Глава 13. Соотечественник

   Расселили нас по одному в отеле «Фудзи». Хорошо хоть комнаты рядом! К каждому приставили гида – ну, это провожатый – и переводчицу. Мне симпатичная такая попалась, звали ее Тэйко-сан.
   Отсчитали каждому по сотне иен на карманные расходы. Я поначалу не хотел брать, но потом передумал. Сказал только Катьке и Панасонику, чтобы они все расходы записывали – до последней иены. Наверняка отчитываться придется!
   Панасоник сразу по магазинам побежал, гид и переводчица за ним. А мы с Катюшей уселись у меня в номере за полированным столом. Тупо сосем пепси-колу из соломинок. Катя котенка гладит. Ну почти как в трубе.
   Обслуживающий персонал – в сторонке. Сидят, ждут. Ловят каждое наше движение.
   – Господа, – говорю, – шли бы вы к себе. Мы хотим остаться наедине. Эскьюз ми, плиз.
   Они поклонились все и вышли гуськом.
   – Вот влипли... – Катька вздыхает.
   – Можем хоть сейчас назад, – я ей дудочку показываю.
   – А ПИНГВИН? Давай узнавай быстрей, где этот Мацуката!.. И распорядись, чтобы телеграмму домой дали. Родители там с ума сходят, – Катька командует.
   – Вот ты и распорядись, – говорю я.
   – Ты у нас главный. Я, что ли, Хранитель?
   Вот так вечно – за все отвечать Хранителю.
   Я стал раздумывать, как лучше: дать домой международную телеграмму или вызвать Ленинград по телефону? И так и так родители будут в обмороке. Это факт.
   Тут приходит Панасоник. Рот до ушей, доволен жутко. Показывает нам какую-то фигню, запечатанную в целлофан.
   – Что это? – спрашиваю.
   – Горнолыжные крепления, фуфло! Знаешь, за сколько их у нас можно толкнуть?
   – Сам ты фуфло! Тебе все бабки!
   Панасониковская переводчица глазами хлопает: не понимает нашей речи. Ее таким словам в университете не учили, понятно...
   – Ладно! Давайте отдыхать! – командую я. – Завтра во всем разберемся.
   Соратники ушли.
   Горничная принесла ужин: рисовые котлетки и желе из морской капусты. Я котлетки съел, а желе выбросил в унитаз.
   Посмотрел перед сном японскую рекламу по телевизору и заснул на широкой кровати.

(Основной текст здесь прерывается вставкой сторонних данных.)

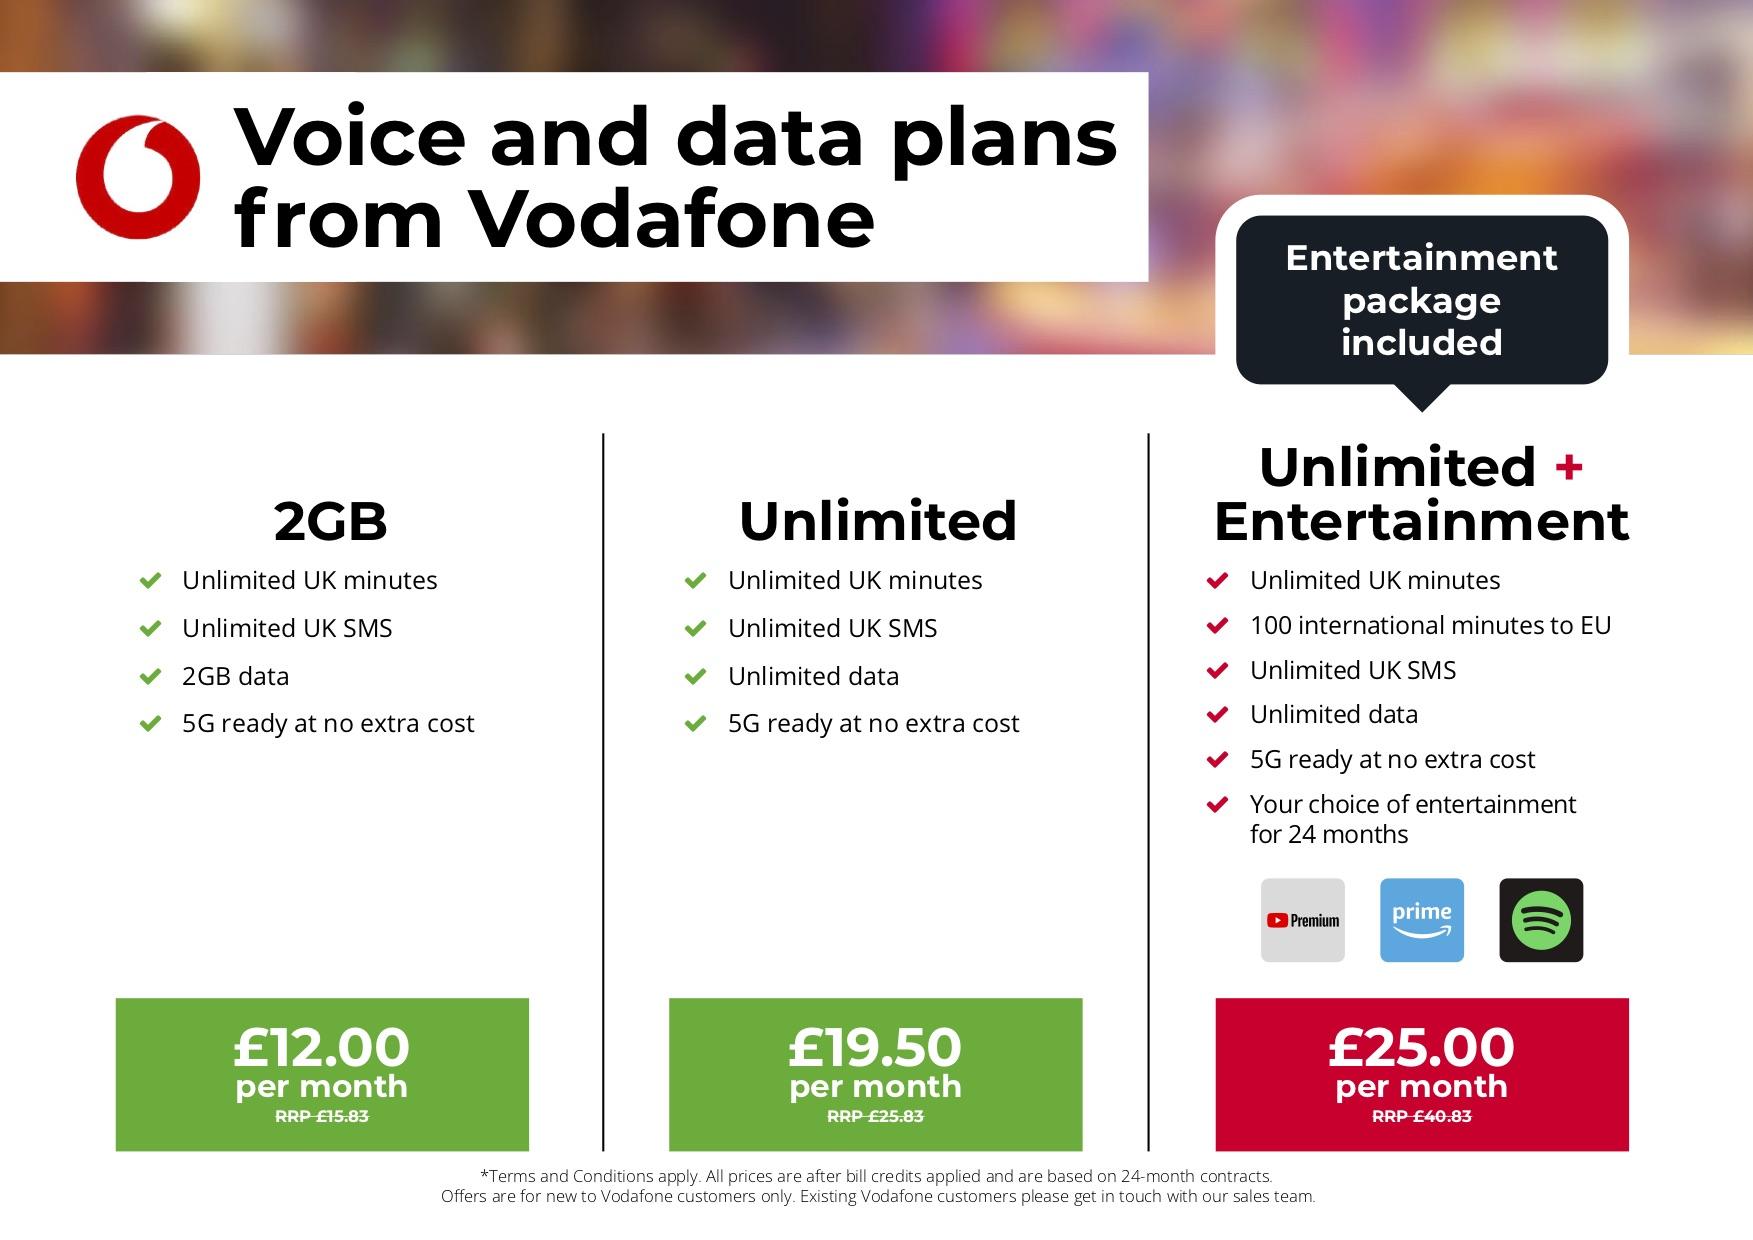 Mobile - £25 per month Unlimited plus entertainment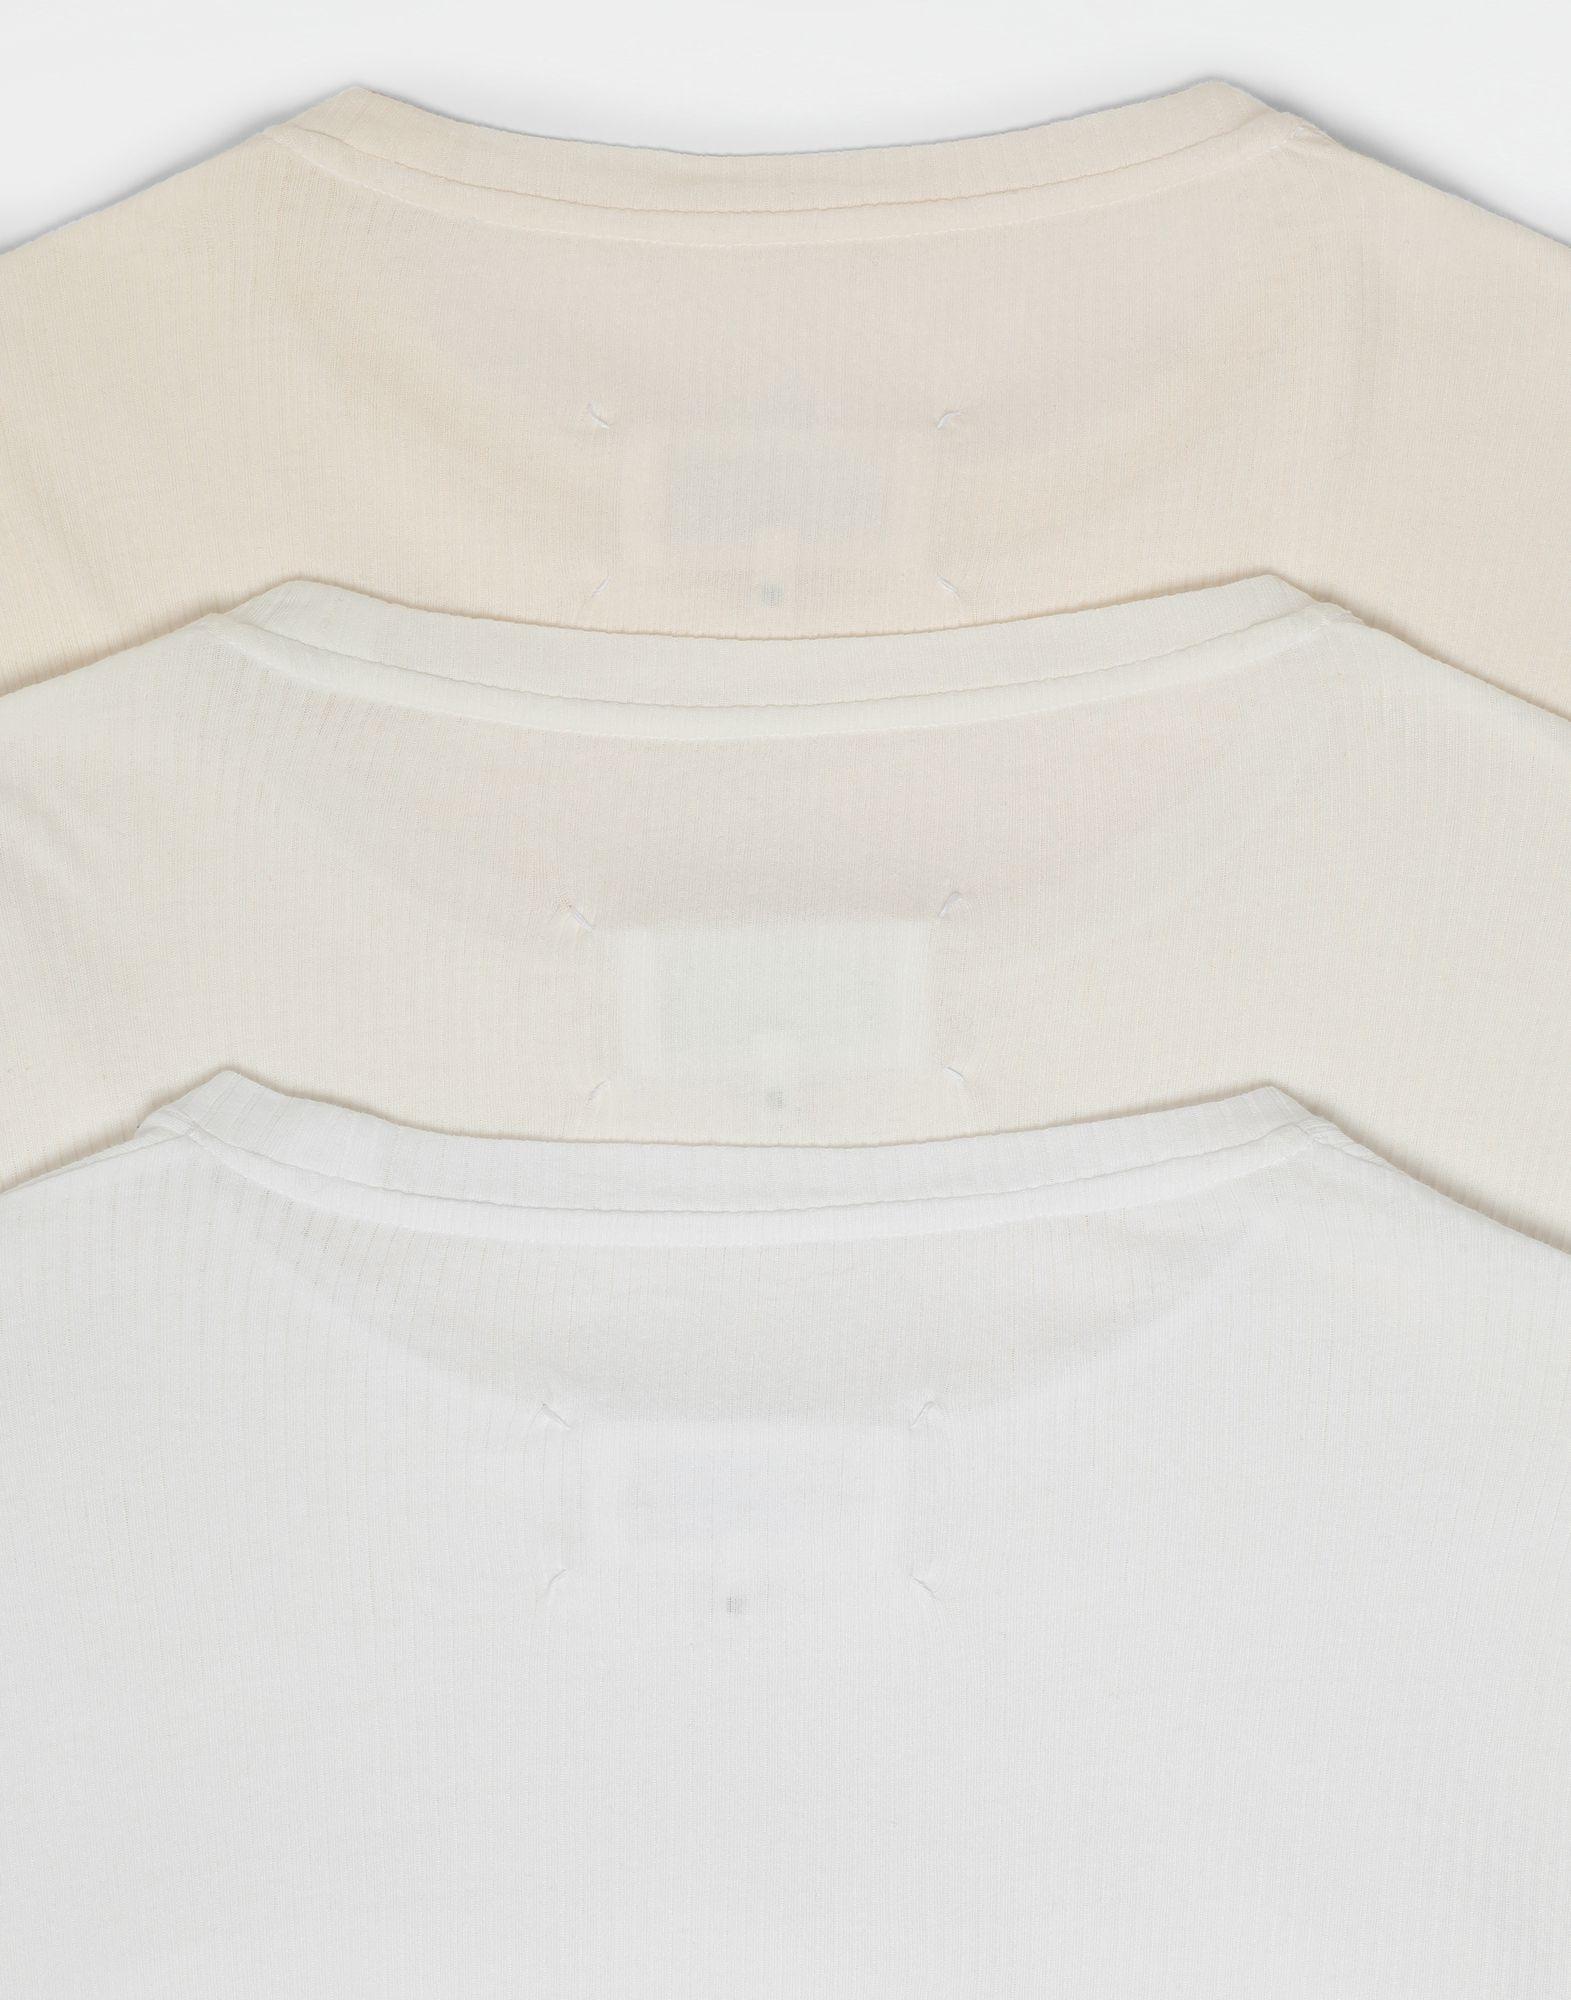 MAISON MARGIELA 3-pack Stereotype white T-shirts Long sleeve t-shirt Man a

   Спал поперек, назло их буржуазным предрассудкам.
   Непривычно, конечно, было. Сроду такой истории со мной не случалось. Чувствуешь себя, как во сне. Хорошо хоть, что в любой момент проснуться можно. Свистнул в дудочку – и улетел домой, к маме...
   Хотелось, чтобы в Токио мне приснилась мама. Но она не приснилась, а явилась во сне Дуня Смирнова с крокодилом величиною с электричку и стала бранить меня за низкий идейный уровень. Утром опять появляются все: горничная с кофе, гид с рекламными проспектами и Тэйко-сан с пачкой газет. Улыбаются по-страшному, будто я ихний японский бог. Кто у них там? Будда, что ли?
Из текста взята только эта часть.